Consumer payment behavior and delinquencies improved and new credit increased across nearly all verticals year-to-date in June, according to Equifax's latest National Consumer Credit Trends Report.

For home finance, year-over-year serious delinquency rates (90-days or more past due or in foreclosure) declined sharply as a percentage of total balances outstanding.

"The turnaround in home price trends over the past year is having a substantial impact on mortgage delinquency rates. As more and more homeowners find themselves back in positive equity, the incentive to default is strongly tempered," said Equifax Chief Economist Amy Crews Cutts. "While performance in other sectors is improving with the gradual economic recovery, we are seeing a strikingly different trend with student loan debt, which is both the fastest growing consumer debt segment and the only segment in which we're seeing rising severe delinquency rates and accelerating write-off rates."

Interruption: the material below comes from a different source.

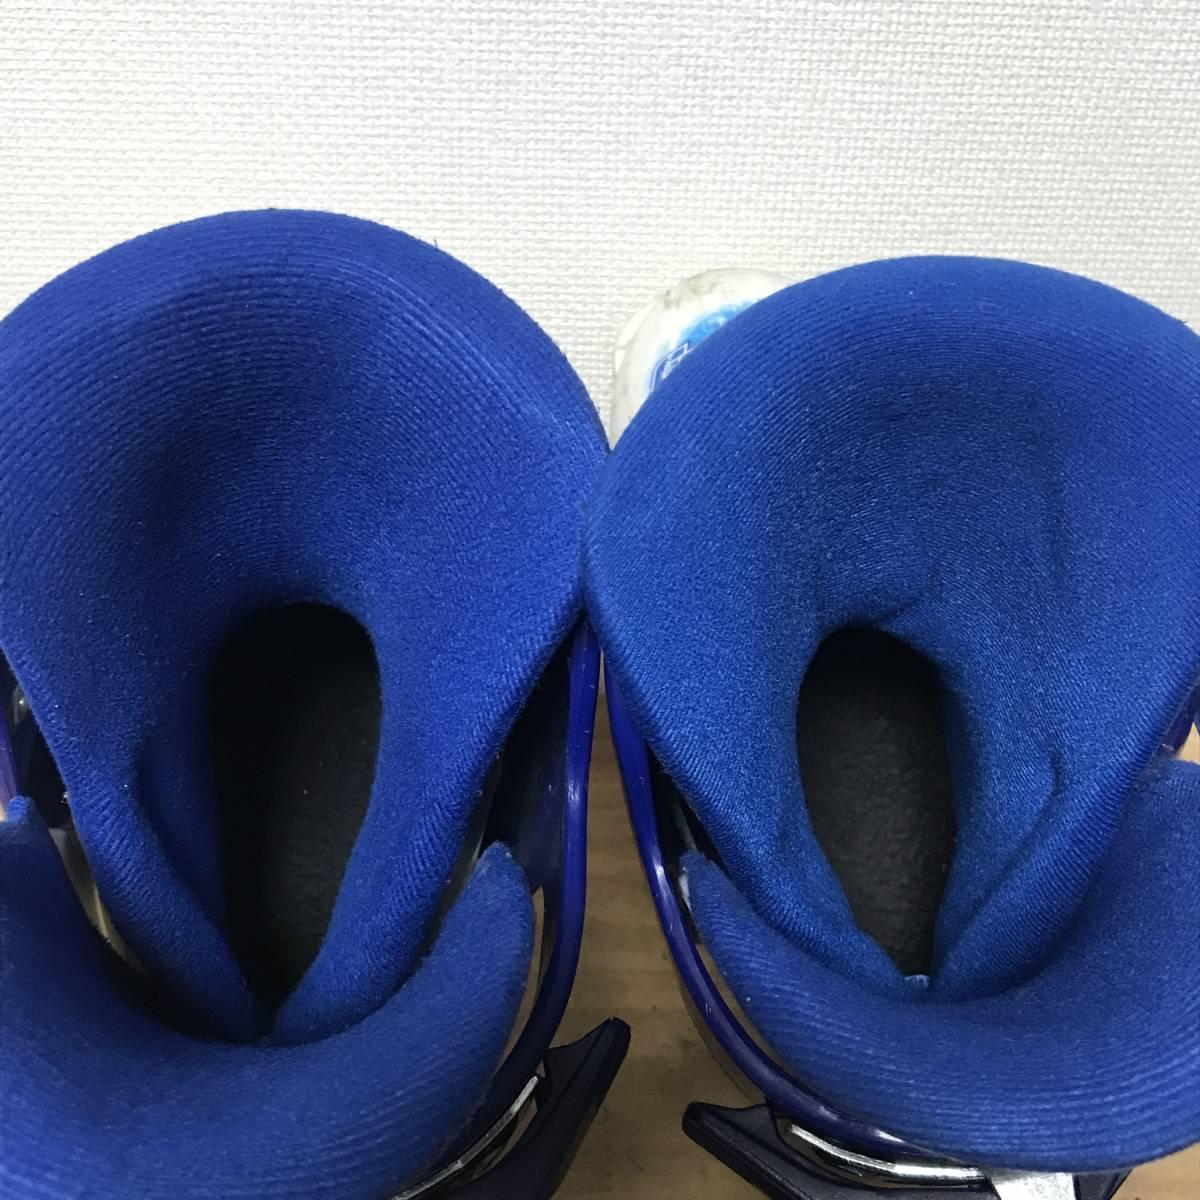 ジュニアスキーセット◆ケース付 KAZAMA 90cm ブーツ 17-18cm ポール 70cm キッズ 子供 ジュニア _画像10

Highlights from the most recent data include:

- First mortgages fell more than 27% (from 5.70% to 4.14%)

- Home equity revolving fell nearly 24% (from 2.30% to 1.75%);

- Home equity installment fell more than 20% (from 4.16% to 3.31%).

Year-over-year changes in the 60-day-plus delinquency rates for other verticals include:

- Bankcard decreased more than 16% (from 2.17% to 1.82%)

- Auto decreased more than 11% (from 1.24% to 1.09%).

The total balance of new credit opened between January and April rose more than 17% compared to the same period last year, from $24.1 billion to $28.4 billion.

The total number of new loans also increased more than 11% in that timeframe, from 266,600 to 297,600; and both new loans and new credit year-to-date in April reached four-year highs.